Setting up a Local GPU Environment¶

This guide will walk you through the steps to set up a local GPU environment for Marin. By "local", we mean a machine that you run jobs on directly, as opposed to dispatching them to a shared cluster via Iris. Similar steps will let you run Marin on a cloud GPU environment under Iris (the Marin team runs production GPU workloads on CoreWeave), but we defer that to a future guide.

Prerequisites¶

Make sure you've followed the installation guide to do the basic installation.

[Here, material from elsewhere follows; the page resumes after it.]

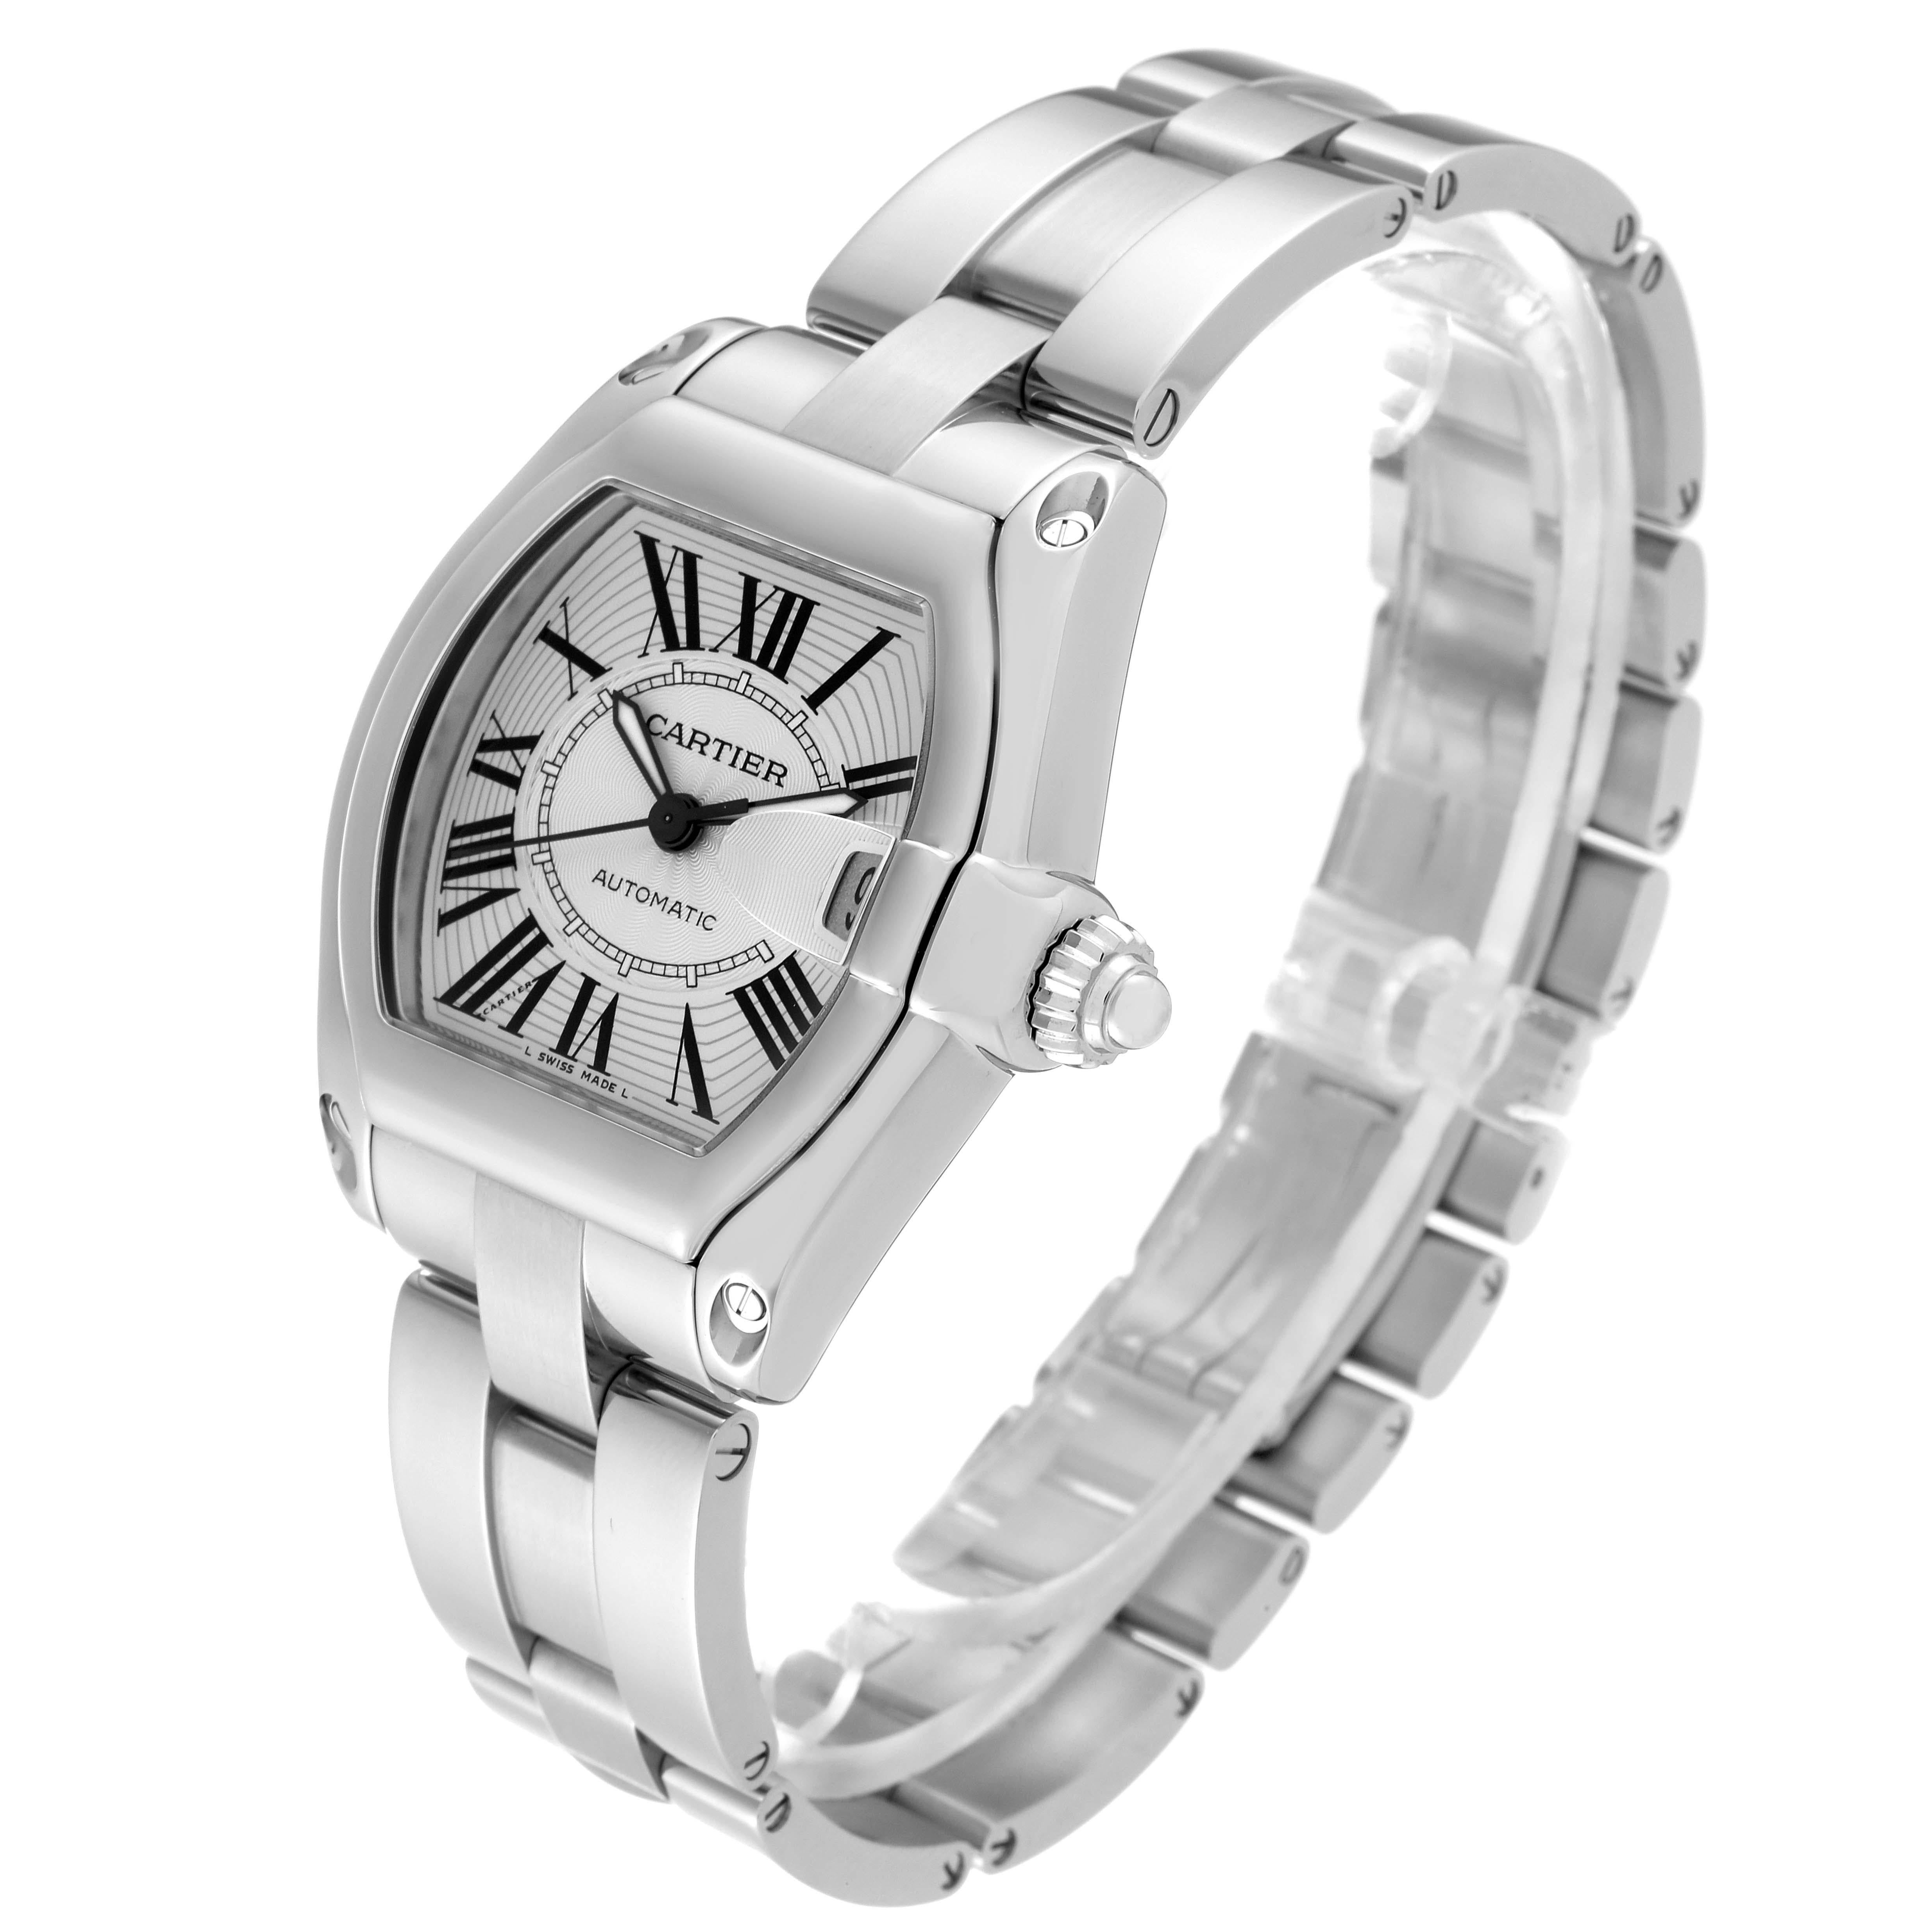 Cartier Roadster Silver Dial Steel Mens Watch W62000V3 Box Papers 5

In addition to the prerequisites from the basic installation, we have one GPU-specific system dependency:

NVIDIA driver 580 or newer

We assume you are running Ubuntu 24.04.

NVIDIA driver and runtime¶

Install an NVIDIA driver that supports CUDA 13. Verify that the driver is at least 580 and that nvidia-smi reports CUDA 13.x:

nvidia-smi

Marin uses JAX as a core library. The gpu extra installs the CUDA 13 JAX runtime, including CUDA, cuDNN, and NCCL Python wheels:

uv sync --extra=gpu

If you install a local CUDA toolkit for custom kernels, use CUDA 13 and keep older CUDA libraries out of LD_LIBRARY_PATH so they do not override the JAX wheel libraries.

See JAX's installation guide for more options.

Tip

If you are using a DGX Spark or similar machine with unified memory, you may need to dramatically reduce the memory that XLA preallocates for itself. You can do this by setting the XLA_PYTHON_CLIENT_MEM_FRACTION variable, to something like 0.5:

export XLA_PYTHON_CLIENT_MEM_FRACTION=0.5

You can also set this in your `.bashrc` or `.zshrc` file.
```bash
echo 'export XLA_PYTHON_CLIENT_MEM_FRACTION=0.5' >> ~/.bashrc
```

For broader JAX/Levanter memory tuning (sharding, checkpointing, offloading), see [Making Things Fit in HBM](../references/hbm-optimization.md).

Running an Experiment¶

Now you can run an experiment. The unified tutorial script experiments/tutorials/train_tiny_model.py accepts a --device flag that selects the accelerator:

export MARIN_PREFIX=local_store
export WANDB_ENTITY=...
uv run python experiments/tutorials/train_tiny_model.py --device h100x8 --dataset wikitext

MARIN_PREFIX sets the root directory for all outputs; it can be a local path or anything fsspec supports, such as s3:// or gs://.

The same script runs on CPU, GPU, and TPU — only --device and --dataset change. The GPU device entry in train_tiny_model.py configures resources and batch size:

from fray.cluster import ResourceConfig
from levanter.optim import AdamConfig
from marin.experiment.train import train_lm

# "h100x8" entry in DEVICES (resources, batch_size)
resources = ResourceConfig.with_gpu("H100", count=8, cpu=32, disk="128G", ram="128G")
batch_size = 256

Whereas --device cpu uses ResourceConfig.with_cpu() and a batch size of 4, --device h100x8 uses eight H100s with a larger batch. Adding a new device is one entry in the DEVICES dict — no separate file needed.

To scale up, submit to Marin's shared Iris cluster via uv run iris --cluster=marin job run ... (see lib/iris/OPS.md for the CLI reference).